Review SamSung the development of this series framework, to the industry, this is a very good innovation is mixed drive.

On the HotChips 2016, samSung rollout Exynos M1 of framework of the Dai Wei at the beginning of its. As we have learned, the CPU IP of SamSung is the “ SamSung in Texas Austin ” of center of Austin research and development (abbreviation SARC) of development, this center held water 2010, the target is the S.LSI branch that is SamSung and Exynos chip set build in-house IP. In this center, have come fromAMD, IntelWith other company and institution of higher learing, brilliant senior expert, follow-up memory controller appears with what interrelate from the definition, it is their working achievement. Of course, samSung head money is custom-built CPU, it is among them star more.

SamSung

SamSung rolled out M2 again later, be worth what carry is, because M2 has 20 % IPC to improve in whole work load, so although produce chipClockSpeed reduced 12 % , but its function or excel M1. SamSung realized a few a few functions that plan M3 at first in M2, this makes new M3 design becomes more radical.

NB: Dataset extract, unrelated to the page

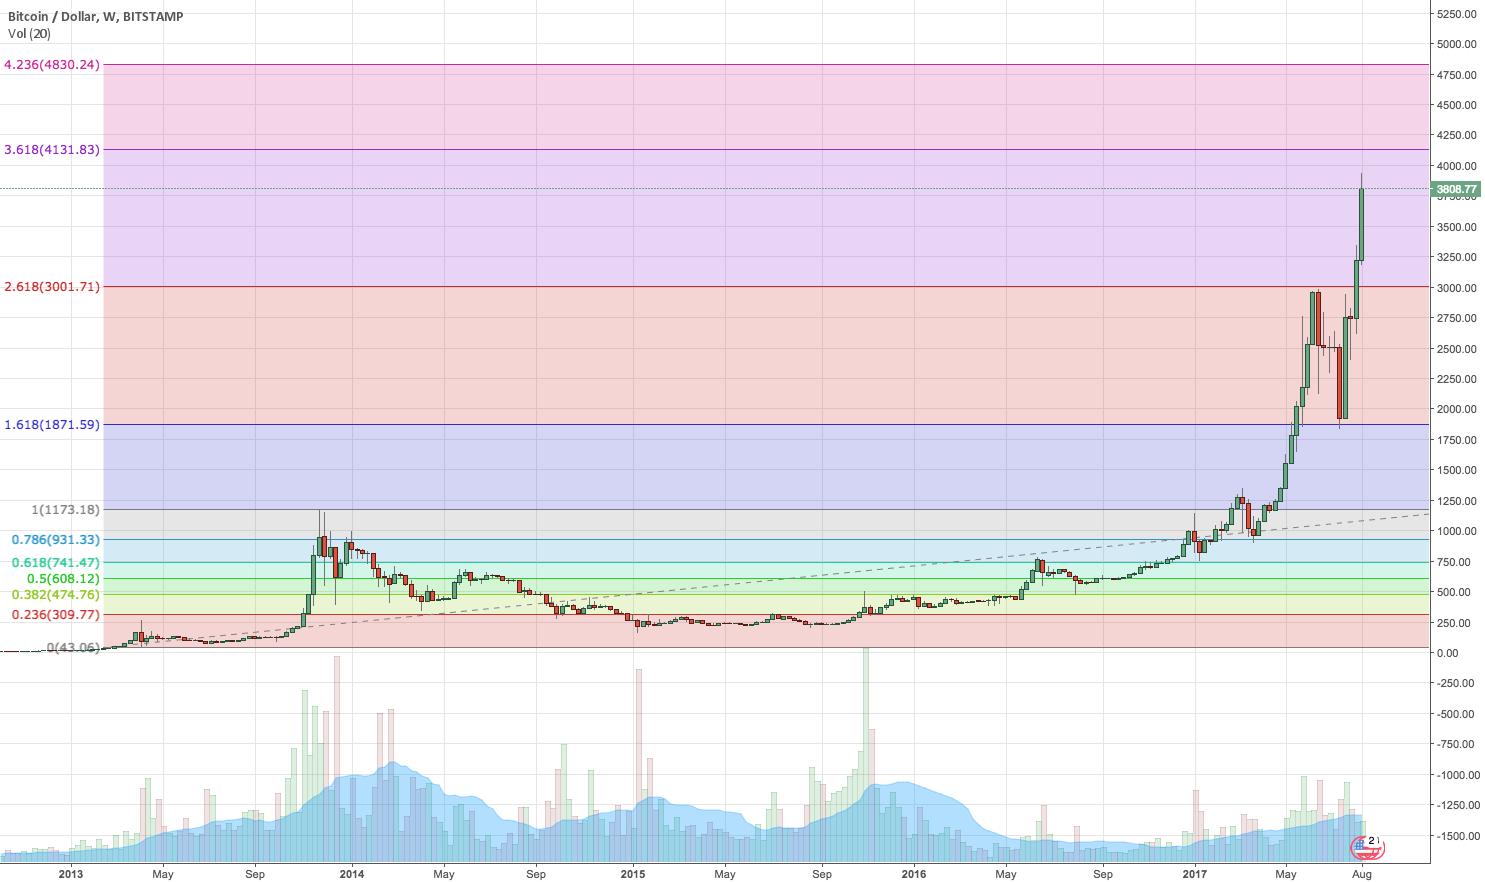 BTC's Oldest Fibonacci - room for more growth before a crash?

Here, samSung pointed out one of respects with the most merciless industry clearly, that is releasing cycle namely inside, IP and chip must synchronous. We see SoC the product of many suppliers, it is to capture of new product commerce releases the window and tighten jerk to the market.

SamSung

The primitive slide of the overview of comparative Exynos M3 and M1, we saw a lot of similar point, but M3 increased more on the desktop. SARC group piles up small framework width unit from 4 ease sb’s anxiety (Wide Decode Unit) increase to 6, this is the integral core feature of new μarch. The 2nd the contains multiplier function integral ALU that we see be added newly, laden unit and a floating-point that expand considerably / SIMD, this promoted computational capacity of 3 times.

SamSung never is opposite truly small architecture makes public M2, and also be done not have to it relevant specific compile implement machine model, but in the exposure today, a change that we see is SamSung undertook from 96 to 100 entry (Entries) small canzonet is whole, new sort amortize. What we mention no less than in the exposure of first time μarch January in that way, m3 expands greatly most 228 entry, this makes μarch looks on one hand from this, the core design with Intel is more similar (although we cannot undertake the density of different ISA directly,compare, and as the complexity of the instruction change) .

WhenArmAnnounced the µarch detail of A76, especially 128-entry ROB (this looks smaller than M3) . Look in them, this is function and area / the balance between power comsumption. What be worth to be carried particularly is, ROB Capacity increased 7 % , but the function promotion that brings 1 % only.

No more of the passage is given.